The details were included in a list of evidence prosecutors intend to use during a September trial of nine Oath Keepers charged with seditious conspiracy. Authorities also said they found a “death list” with the names of Georgia election officials that members of the group believe hijacked the vote in that state on behalf of President Biden.

Tuesday’s hearings will likely build on testimony provided by the previous hearing’s star witness, former White House aide Cassidy Hutchinson, and will feature recorded testimony from former White House counsel Pasquale “Pat” Cipollone, who spent eight hours behind closed doors with members of the committee on Friday.

Ms. Hutchinson did not allege any collaboration between the Oath Keepers, Proud Boys, and the White House in her testimony, but she painted a picture of indifference to reports of such groups and the havoc they might wreak.

“I recall hearing the word Oath Keeper and hearing the word Proud Boys closer to the planning of the January 6th rally when Mr. Giuliani would be around,” she told the committee in taped testimony. 

Once the White House was made aware of the “potential for violence,” the White House Chief of Staff, Mark Meadows, “did not act on those concerns,” Ms. Hutchinson said.

Mr. Cipollone, she told the committee, had privately expressed concern about January 6, calling a presidential trip to the Capitol “a terrible idea.”

In a statement, Timothy Mulvey, a spokesman for the January 6 committee, said Mr. Cipollone provided “highly relevant new information” in his “critical testimony on nearly every major topic in its investigation” during his testimony Friday.

Mr. Cipollone’s testimony is sealed until a committee vote.
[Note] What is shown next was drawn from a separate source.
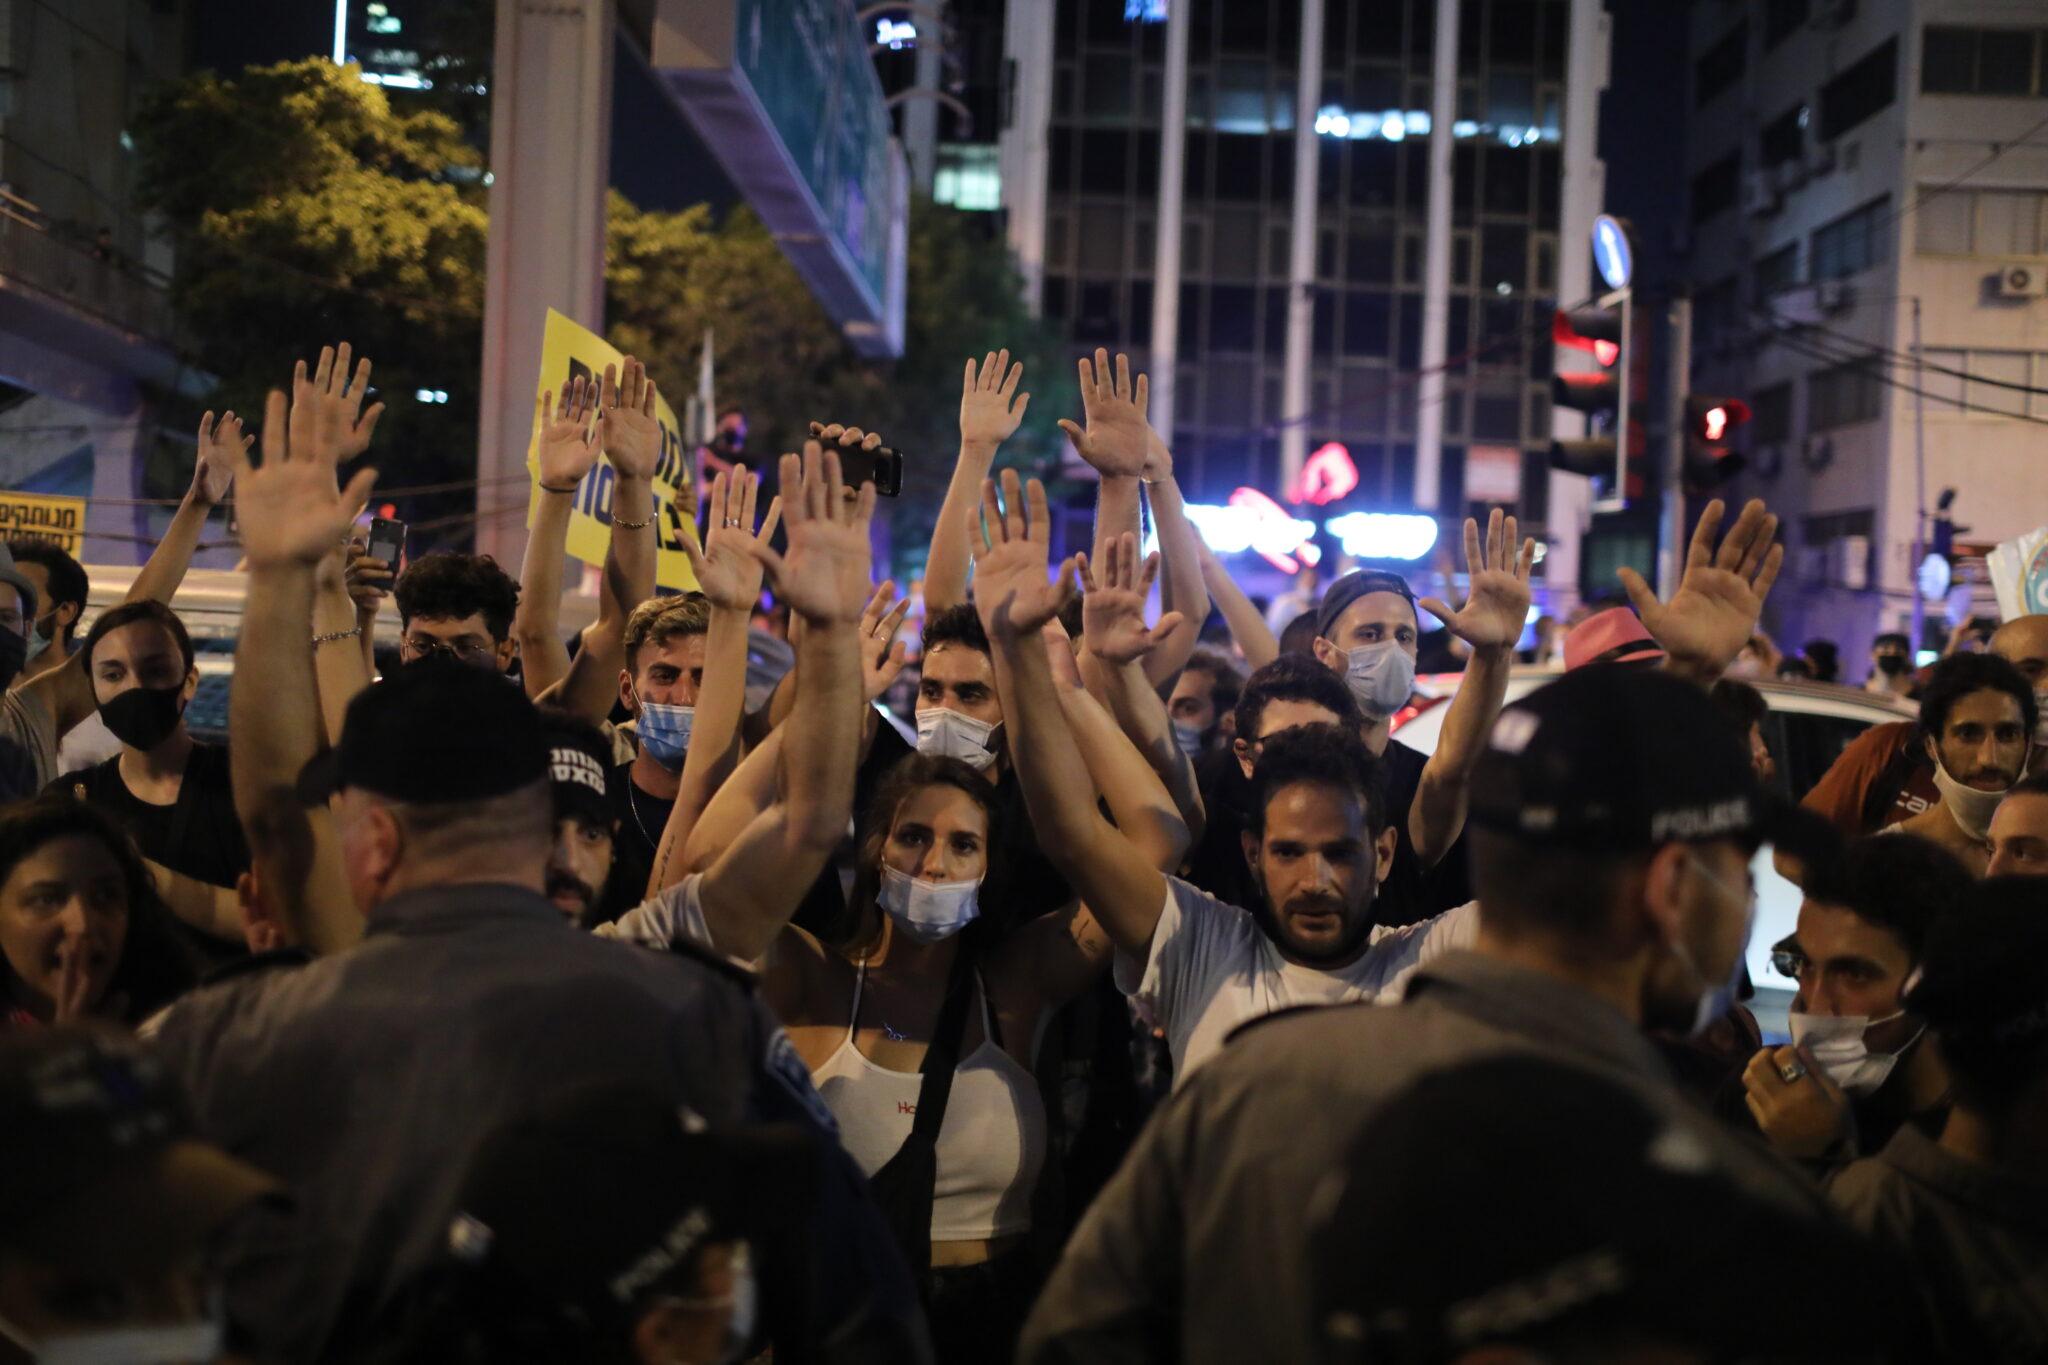 Izrael: protest przedsiębiorców w Tel Awiwie w Izraelu. Wielu firmom grozi upadek z powodu lockdownu związanego z pandemią koronawirusa, fot. EPA / ABIR SULTAN

He will not testify live on Tuesday, but recorded and transcribed excerpts from his Friday testimony could be featured following the vote. 

Live witnesses and testimony have not yet been announced.

Another member of the committee, Representative Adam Kinzinger, an Illinois Republican, said in an appearance on ABC’s “This Week” on Sunday that the Thursday evening hearing will focus on Mr. Trump’s activities on the day. It will be the second primetime hearing held by the committee.

“We want to show the American people what was the president doing during that time,” Mr. Kinzinger said. “The rest of the country knew that there was an insurrection. The president obviously had to have known there was an insurrection. So where was he? What was he doing? It’s a very important hearing. Pay attention. Because I think it goes to the heart of what is the oath of a leader.”

Committee members also expect former Trump advisor Stephen Bannon to testify before the committee in the coming weeks. Mr. Trump has reportedly waived his executive privilege, and Mr. Bannon’s lawyer has been in communication with the committee.

Mr. Bannon’s lawyer told the January 6 Committee chairman, Bennie Thompson, a Democrat from Mississippi, in a letter late Saturday that his client would like to testify in light of Mr. Trump’s waiver. He noted that Mr. Bannon would prefer to testify in a public hearing — like Ms. Hutchinson, rather than in private like Mr. Cipollone. 

“Mr. Bannon has not had a change of posture or of heart,” his lawyer, Robert Costello. “While Mr. Bannon has been steadfast in his convictions, circumstances have now changed… Mr. Bannon is willing to, and indeed prefers, to testify at your public hearing.” 

Mr. Bannon’s testimony would add to the grand tally of more than 1,000 persons to whom the committee had spoken to, according to Representative Jamie Raskin.